If this author had heard about the deal on time, perhaps he would've also taken advantage of Delta and written a post rationalizing why it's the company's obligation to post correct prices, not the consumer's obligation to speculate about what constitute's fair compensation, and not the Jewish consumer's obligation to figure out the line between sanctification and desecration of God's name.

But he got to the party late, so here he is agitating his good friends who were lucky enough to raid Delta before it fixed the glitch.

The point here is not to judge. The nature of any ethical dilemma is that both sides have legitimate arguments. For one, major companies usually account, in advance, for a certain amount of money that will be lost throughout the year–often through outright theft, in the case of a department store, but also through day-to-day errors. 

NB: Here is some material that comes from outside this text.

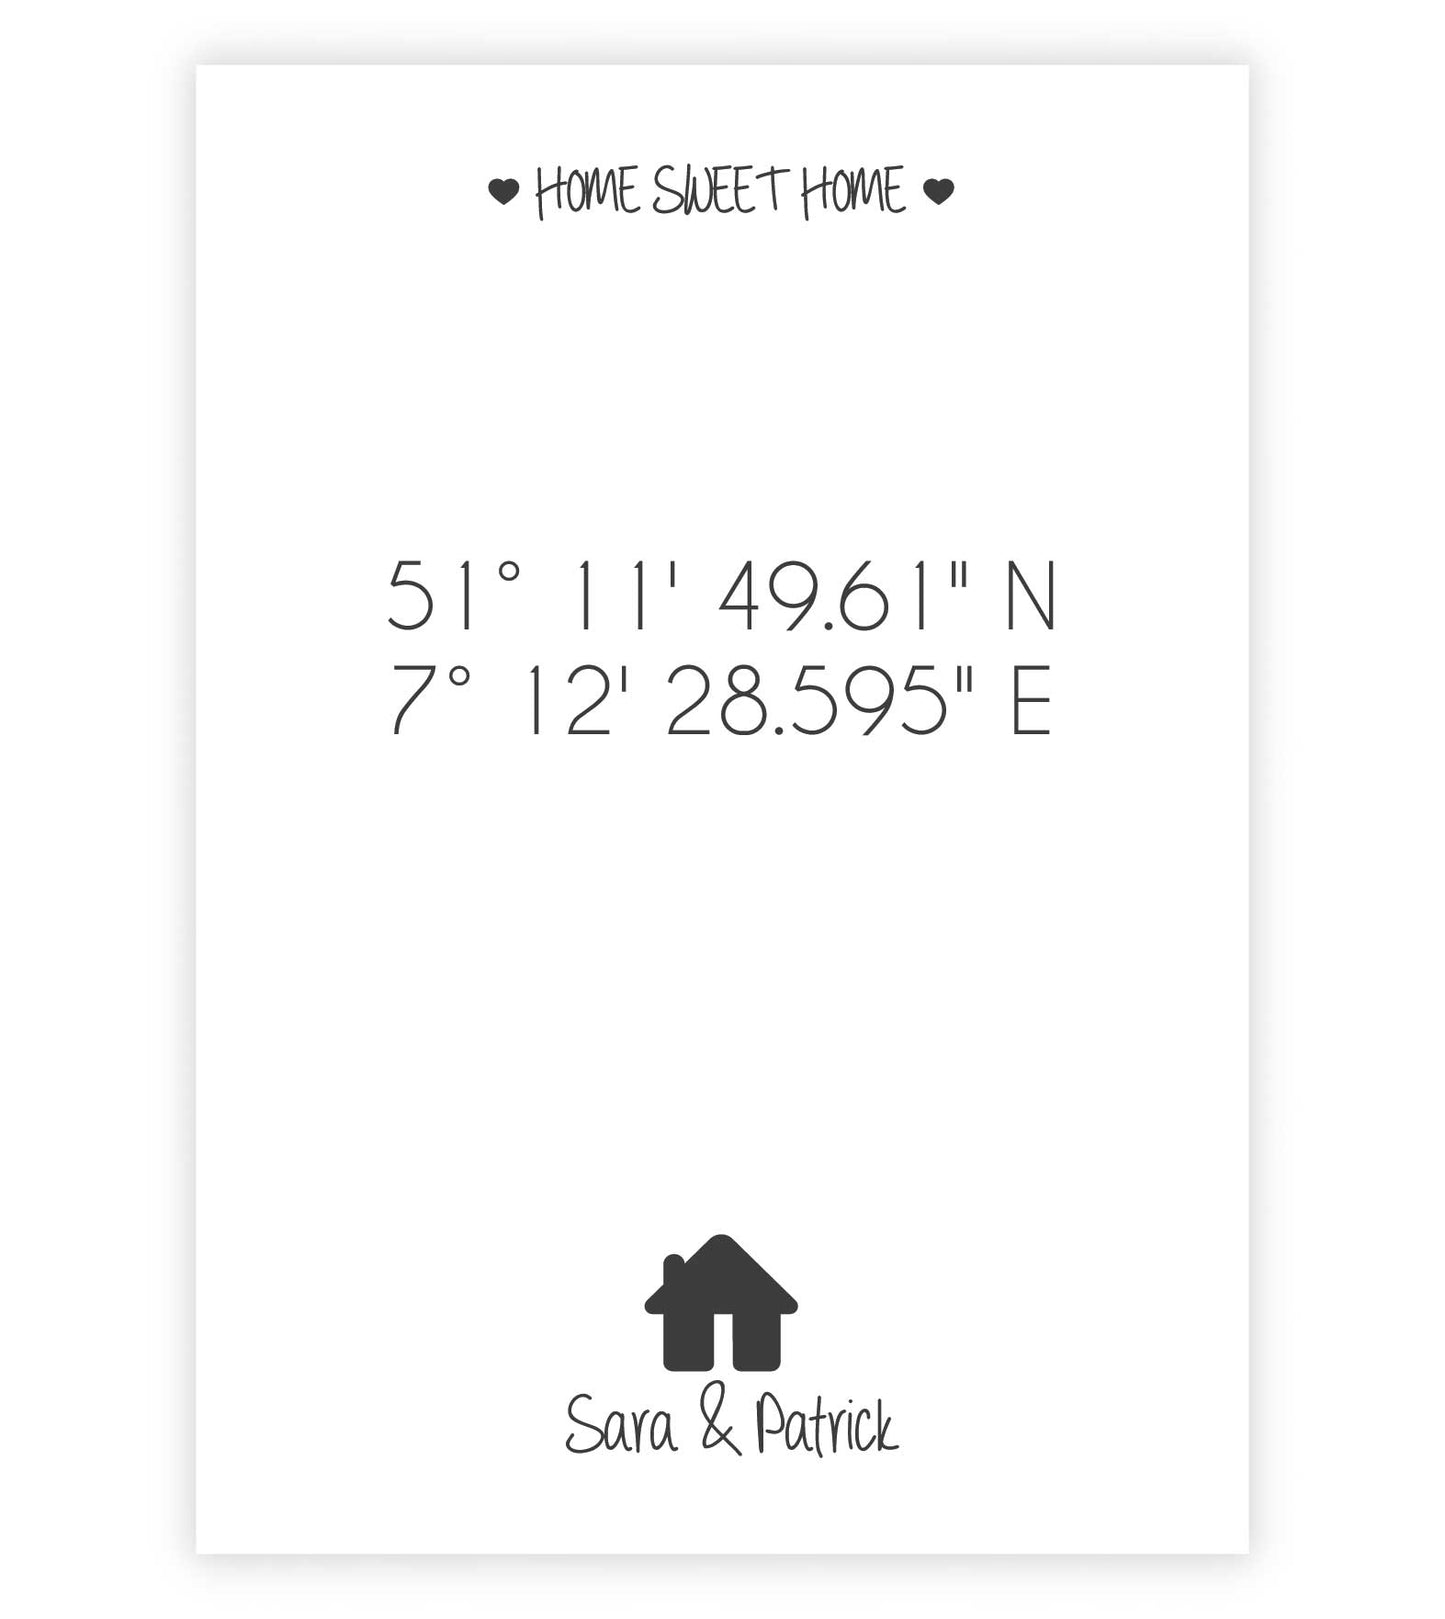 Affiche personnalisée "HOME SWEET HOME" - Maison

But it's disconcerting that a huge portion of Americans, and Jews in particular, seem to have ignored the very existence of an ethical dilemma in this case. This author has no beef with someone who thought through the ethics and decided it was ok to purchase a glitch ticket. But one would hope that at the very least, if anyone would be concerned about ethical dilemmas, consumer obligations and chillul HaShem, it would be the sister who bragged in a public forum that her four siblings (studying Torah) in seminary purchased round-trip Passover glitch tickets for $46 apiece.